Chi decide cosa

L’arte, qualche volta, ha capacità divinatorie. A Giorgio Gaber capitò ripetutamente di sapere guardare avanti. Chi lo ama lo sa. Epperò ci sono cose che stupiscono. Un monologo del 1998, intitolato “La democrazia”, nella raccolta “Un’idiozia conquistata a fatica”, recitava: “Il referendum, per esempio, è una pratica di democrazia diretta (…). Solo che se mia nonna deve decidere sulla variante di valico Barberino-Roncobilaccio ha effettivamente qualche difficoltà. Anche perché è di Venezia. Per fortuna deve solo dire sì se vuole dire no e no se vuole dire sì. In ogni caso ha il 50% delle probabilità di azzeccarla”.

Venti anni dopo qualcuno parla di referendum per risolvere la questione del Trasporto ad alta velocità. Fare o non fare il traforo? Completare o meno? Non entro nel merito, qui m’interessa la forma democratica. Cosa c’è di più democratico che far decidere il popolo?

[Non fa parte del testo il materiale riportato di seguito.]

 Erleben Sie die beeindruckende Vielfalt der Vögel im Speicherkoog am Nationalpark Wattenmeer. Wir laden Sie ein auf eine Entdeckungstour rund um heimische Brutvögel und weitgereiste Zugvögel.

Già, ma quale? Votano solo quelli della Valle? Votano i piemontesi? Votano gli italiani tutti, visto che l’opera è interesse collettivo? Cambia, e molto, a seconda di quale corpo elettorale si sceglie. Posto che neanche si sa come si potrebbe scegliere.

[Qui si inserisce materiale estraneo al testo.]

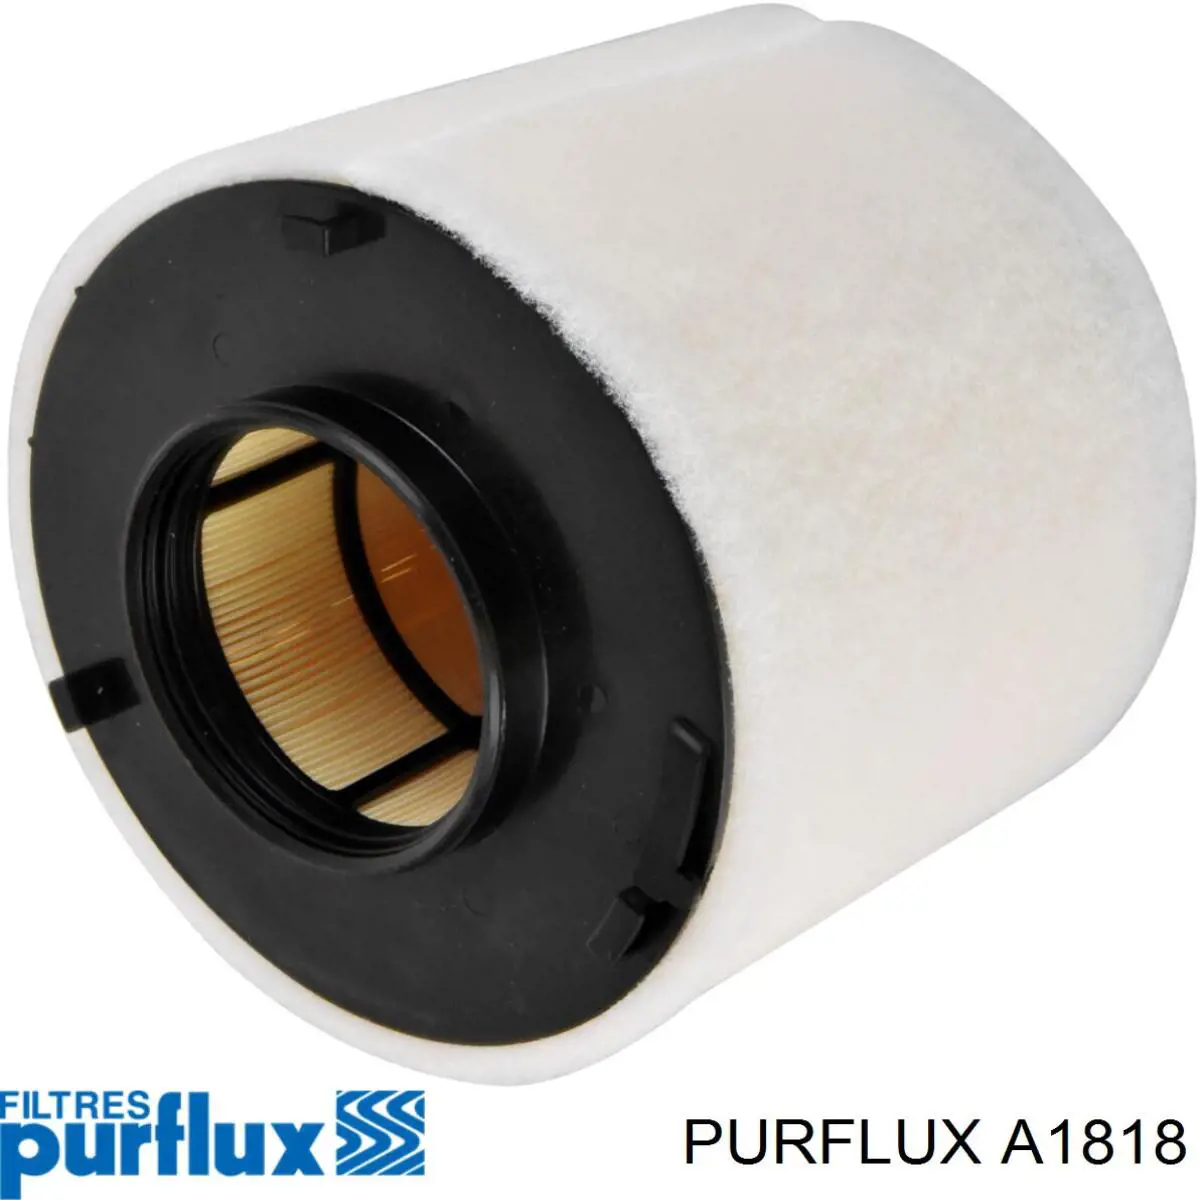 A1818 Purflux filtro de ar

Poi c’è il dilemma della nonna: come faccio a dare una risposta avveduta su una questione che non conosco, se non, nel migliore dei casi, per sentito dire? La democrazia delegata non è una democrazia minore, ma un sistema nel quale delego altri, in cui ripongo un qualche affidamento, a studiare la faccenda al mio posto. Li pago anche. Quando una decisione sarà presa i contrari potranno protestare, ma il metodo sarà stato comunque democratico. E se una decisione non si riesce a prendere? In quel caso devo prendere atto che ho delegato soggetti inabili a decidere o a gestire la pratica che ancora evita ci si scanni per strada: quella del compromesso.